Thursday, March 13, 2014

The Intruder

Imagine this.

You live in a house. The house is modest, sometimes messy, but mostly clean. It’s nothing special to strangers, but it’s special to you and to those who love you.

Your family lives in the house. They eat in a kitchen full of snacks and memories. They sleep in bright bedrooms with blankets and plenty of pillows. They watch movies and play games in the living room. They fill the house with laughter.

Imagine this.

Your house has a basement. You go there sometimes—to do laundry and play knee hockey. To exercise and to store the holiday decorations.

One night, hours after your family is fast asleep, you hear a strange noise in the basement. You assume it's probably a mouse, because there's no way anything bigger than a mouse could get in. (The bulkhead is always locked and an intruder couldn't fit in through the one small window.)

You’re too scared to check and too thoughtful to wake your spouse. You lie awake, and listen, and pray the noise stops. 

It doesn't. Hours later, you are still shaking. You know someone is down there.

You call the police. They are the ones trained to face intruders. The police arrive in relatively good time. They inspect the basement; go straight to the origin of the strange noise. 

The police have bad news.

An Intruder has been living in your basement, likely, for years. The Intruder slept right beside where your kids played hockey. He ate breakfast near the boxes of Christmas ornaments. He bathed where you washed your family’s clothes. The Intruder lived in a dark space beneath those bright rooms where your family snacked and dreamed and laughed and played. 

You had no idea.

Worst of all, the police inform you that the Intruder is trained to kill. Despite that you've never seen him, he has been stockpiling an arsenal of weapons. Big and dangerous ones. You don't understand how this could happen. You still don't even know how he got in. 

The police explain that they can’t extract the Intruder just yet. Even as you speak with them, the Intruder listens on from beneath the floor planks. You’ll have to continue living here with him for a while, they explain. When the time is right, you will help us wage the battle against the Intruder. If all goes well, he will be gone forever.

When the time is right, you do as you are told. 

There is damage after the battle—some broken picture frames, some holes in the walls. But you know that the Intruder has retreated. 

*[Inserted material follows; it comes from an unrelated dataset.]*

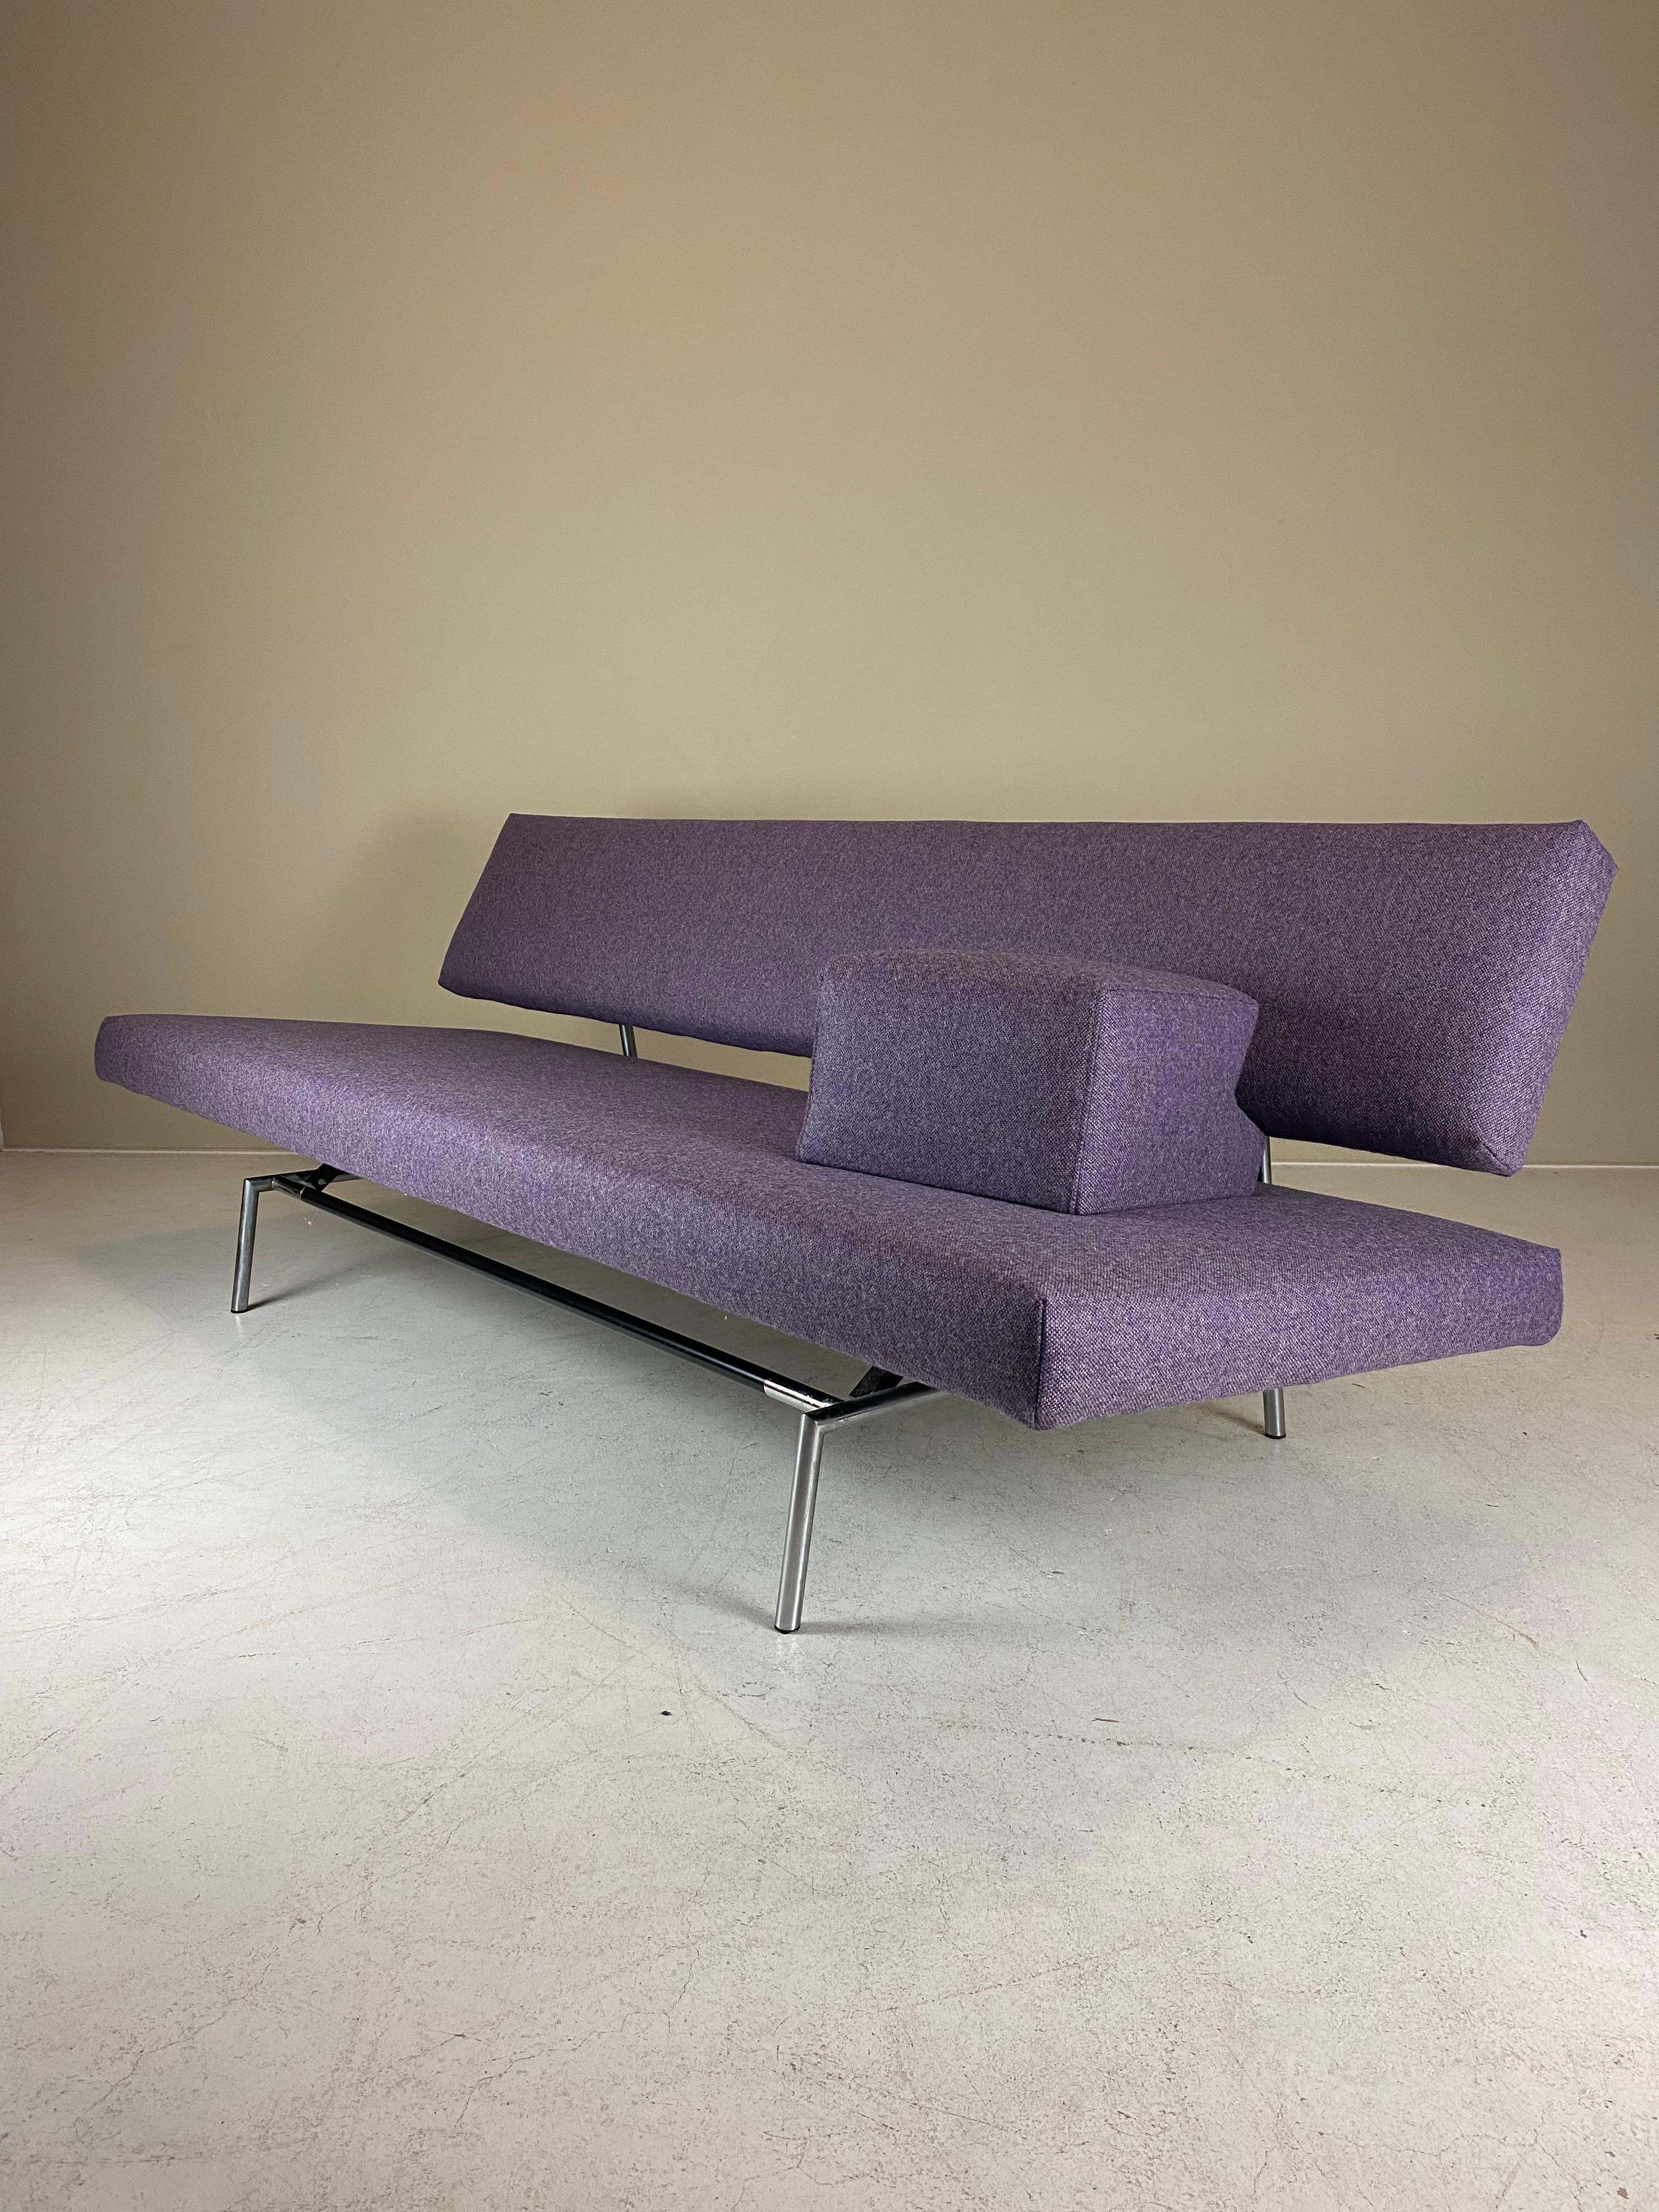 Gelistet ist eine ikonische BR02 Sofa / Schlafsofa / Daybed von Martin Visser für 't Spectrum. Dieses 1960 entworfene, minimalistische Sofa lässt sich mit einer einfachen Bewegung in ein Bett verwandeln. Das Modell Nr. BR02 bezieht sich auf den

Unfortunately, you’re not the only one. Intruders have lurked in a few of your neighbors’ houses, too. You watch those neighbors battle and you help each other whenever possible. 

Finally, the Intruders are gone. The police warn you that the Intruder could return, but odds are that he won’t. If he does return, the police warn, he’s likely back for good. He will make his home, once again, in any room he likes, and, once again, he’ll start to build up his arsenal. The police tell you that they can help slow down his deadly stockpile, perhaps even to a pace so slow that it's barely dangerous for quite a while. But he will be there. Lurking beneath your every footstep. While you try to live your life in the house you love. 

Nevertheless, you celebrate. The Intruder is gone, at least, for now. Thank goodness you heard the noises.

For a while, you are safe. Scared, because it happened; betrayed, because you still don't know the Intruder's route in; thankful, because so many good people helped you fight him off.

Time passes. Your house is full of laugher during the days, just like it was before. But at night, you lie awake. Listening for noises.

One night, you hear them; the sounds of an arsenal being assembled (not that you know what that sounds like). Or maybe you hear nothing. It could be mice. Or it could be the Intruder building a bomb. 

You want to call the police to check, and one time, you do. They come and tell you that they checked one corner of the basement. The Intruder wasn't there, they say. 

You want to feel relief. But did you check everywhere else? you ask. 

No. Did you want us to? 

I don't know, you reply. Because you really don't know. 

*  *  *

I have no other way to explain why I still want to delay a CT scan of my chest. This is my best attempt. Cancer really is a vicious and relentless Intruder. Even if he's gone.